I am doing this as to learn machine learning.

I did comparison of Gradient Boosted Regression, XGBoost, Lasso, Ridge, ElasticNetCV, Support Vector Regression, and LightGBM.

After doing the calculation of mean squared error for each algorithm, I wanted to plot the training error to see their performance.

However, the plot came out differently than the number I received.
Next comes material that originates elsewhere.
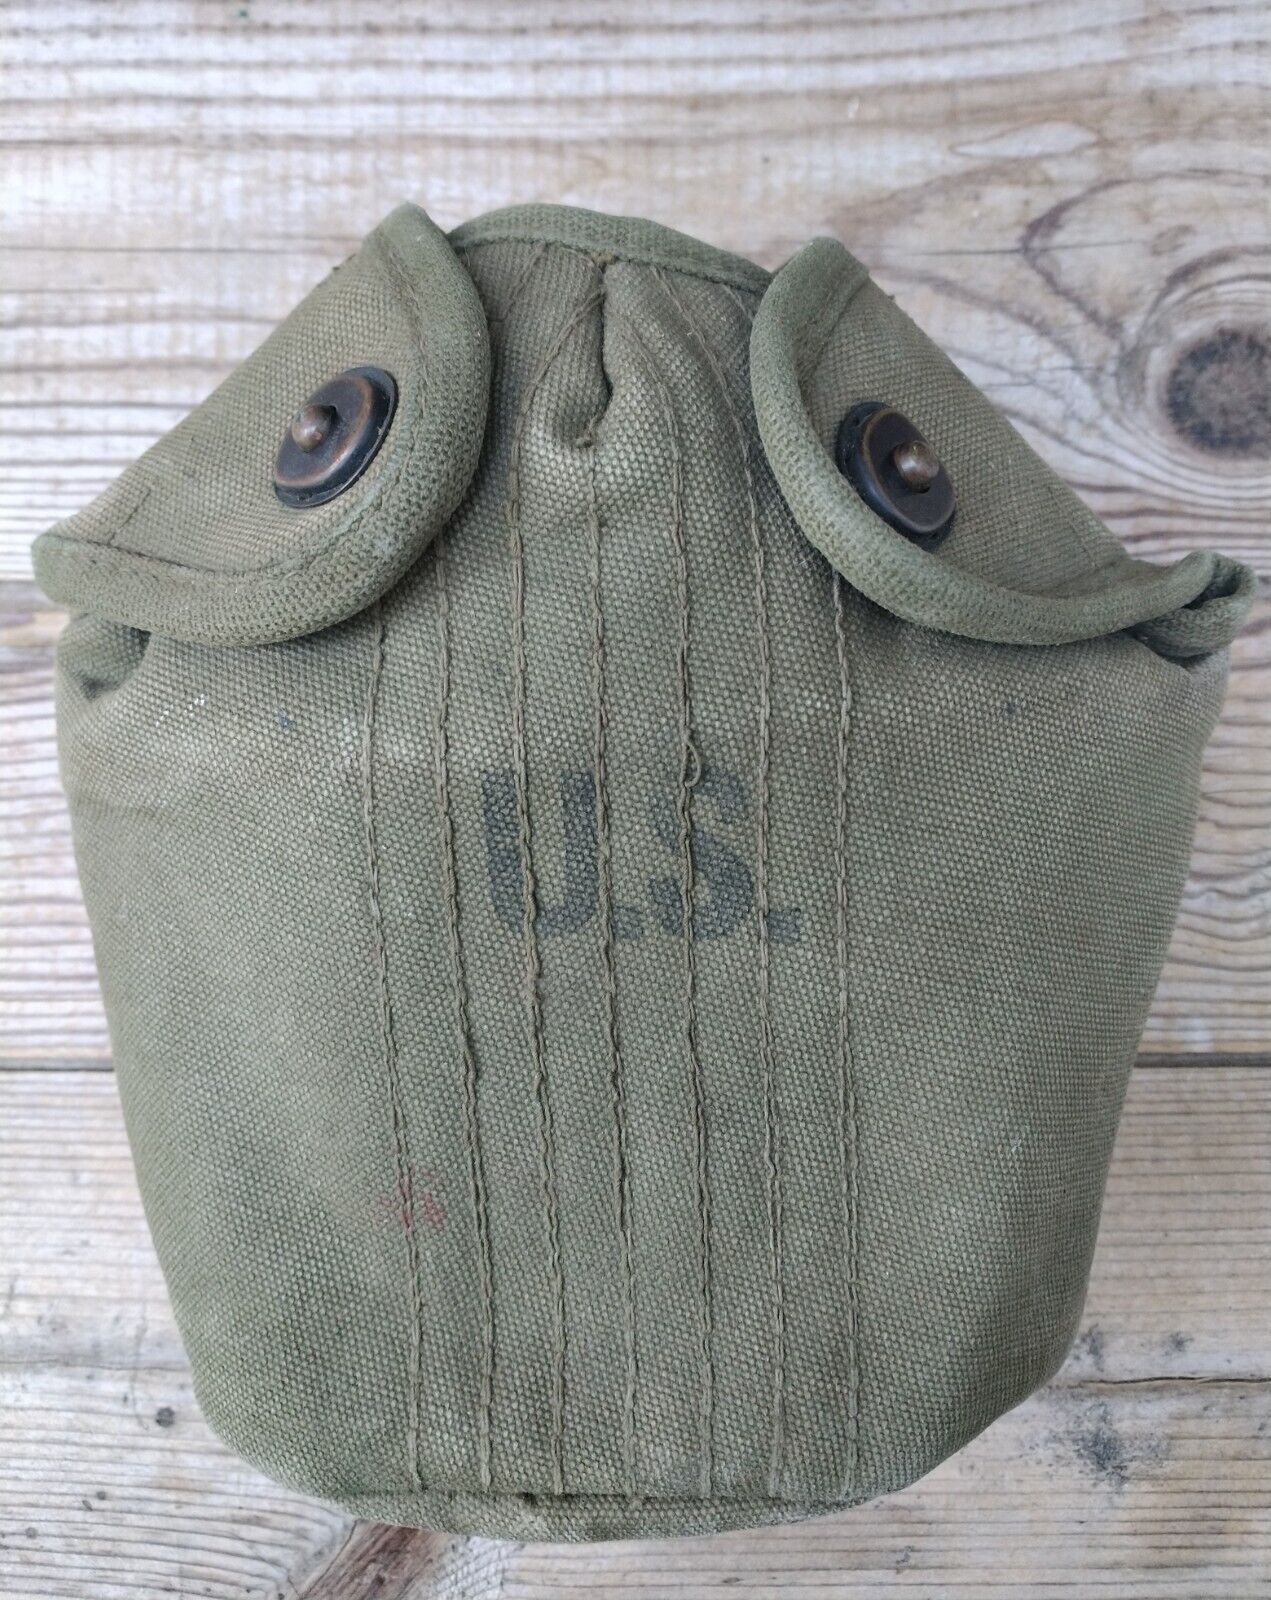 ORIGINAL LATE POST WWII WW2 M1910 CANTEEN COVER FOR M1936 PISTOL BELT OD7

For example, in the ** image** below, for Lasso, the mean squared error is at about

**.**

*0.006++*But, when I calculate using code below, the result is **0.0082**.

**Algorithm**

```
lsr = Lasso(alpha=0.00047)
```

**Mean Squared Error calculation**

```
-cross_val_score(lsr, train_dummies, y, scoring="neg_mean_squared_error").mean()
```

Here are the rest of other algorithm that I ran:

```
svr = make_pipeline(RobustScaler(), SVR(C= 20, epsilon= 0.008, gamma=0.0003))
gbr = GradientBoostingRegressor(max_depth=4, n_estimators=150)
xgbr = XGBRegressor(max_depth=5, n_estimators=400)
rr = Ridge(alpha=13)
svr = make_pipeline(RobustScaler(), SVR(C= 20, epsilon= 0.008, gamma=0.0003))
lgbm = LGBMRegressor(objective='regression',
num_leaves=4,
learning_rate=0.01,
n_estimators=5000,
max_bin=200,
bagging_fraction=0.75,
bagging_freq=5,
bagging_seed=7,
feature_fraction=0.2,
feature_fraction_seed=7,
verbose=-1,
)
```

**These are for elasticnet**

```
e_alphas = [0.0001, 0.0002, 0.0003, 0.0004, 0.0005, 0.0006, 0.0007]
e_l1ratio = [0.8, 0.85, 0.9, 0.95, 0.99, 1]
en = make_pipeline(RobustScaler(), ElasticNetCV(max_iter=1e7, alphas=e_alphas, cv=5, l1_ratio=e_l1ratio))
```

Here is the code for the **learning curve**

```
pl_mo = {'GBR': GradientBoostingRegressor(max_depth=4, n_estimators=150),
'XGB': XGBRegressor(max_depth=5, n_estimators=400),
'Lasso': Lasso(alpha=0.00047),
'Ridge': Ridge(alpha=13),
'ENet': make_pipeline(RobustScaler(), ElasticNetCV(max_iter=1e7, alphas=e_alphas, l1_ratio=e_l1ratio)),
'SVR': make_pipeline(RobustScaler(), SVR(C= 20, epsilon= 0.008, gamma=0.0003)),
'LGBM': LGBMRegressor(objective='regression',
num_leaves=4,
learning_rate=0.01,
n_estimators=5000,
max_bin=200,
bagging_fraction=0.75,
bagging_freq=5,
bagging_seed=7,
feature_fraction=0.2,
feature_fraction_seed=7,
verbose=-1,
)
}
plt.figure(figsize=(10,7))
for k,v in pl_mo.items():
(train_sizes,
train_scores,
test_scores) = learning_curve(v,
train_dummies,
y,
cv=5,
scoring='neg_mean_squared_error')
train_scores = -train_scores
train_mean = np.mean(train_scores, axis=1)
plt.plot(train_sizes, train_mean, label=k)
plt.title("Training Error")
plt.xlabel("Training Set Size"), plt.ylabel("Mean Squared Error")
plt.legend()
plt.show()
```

Here is the **plot result image**.

If anyone could point me in the right direction, I would be eternally grateful.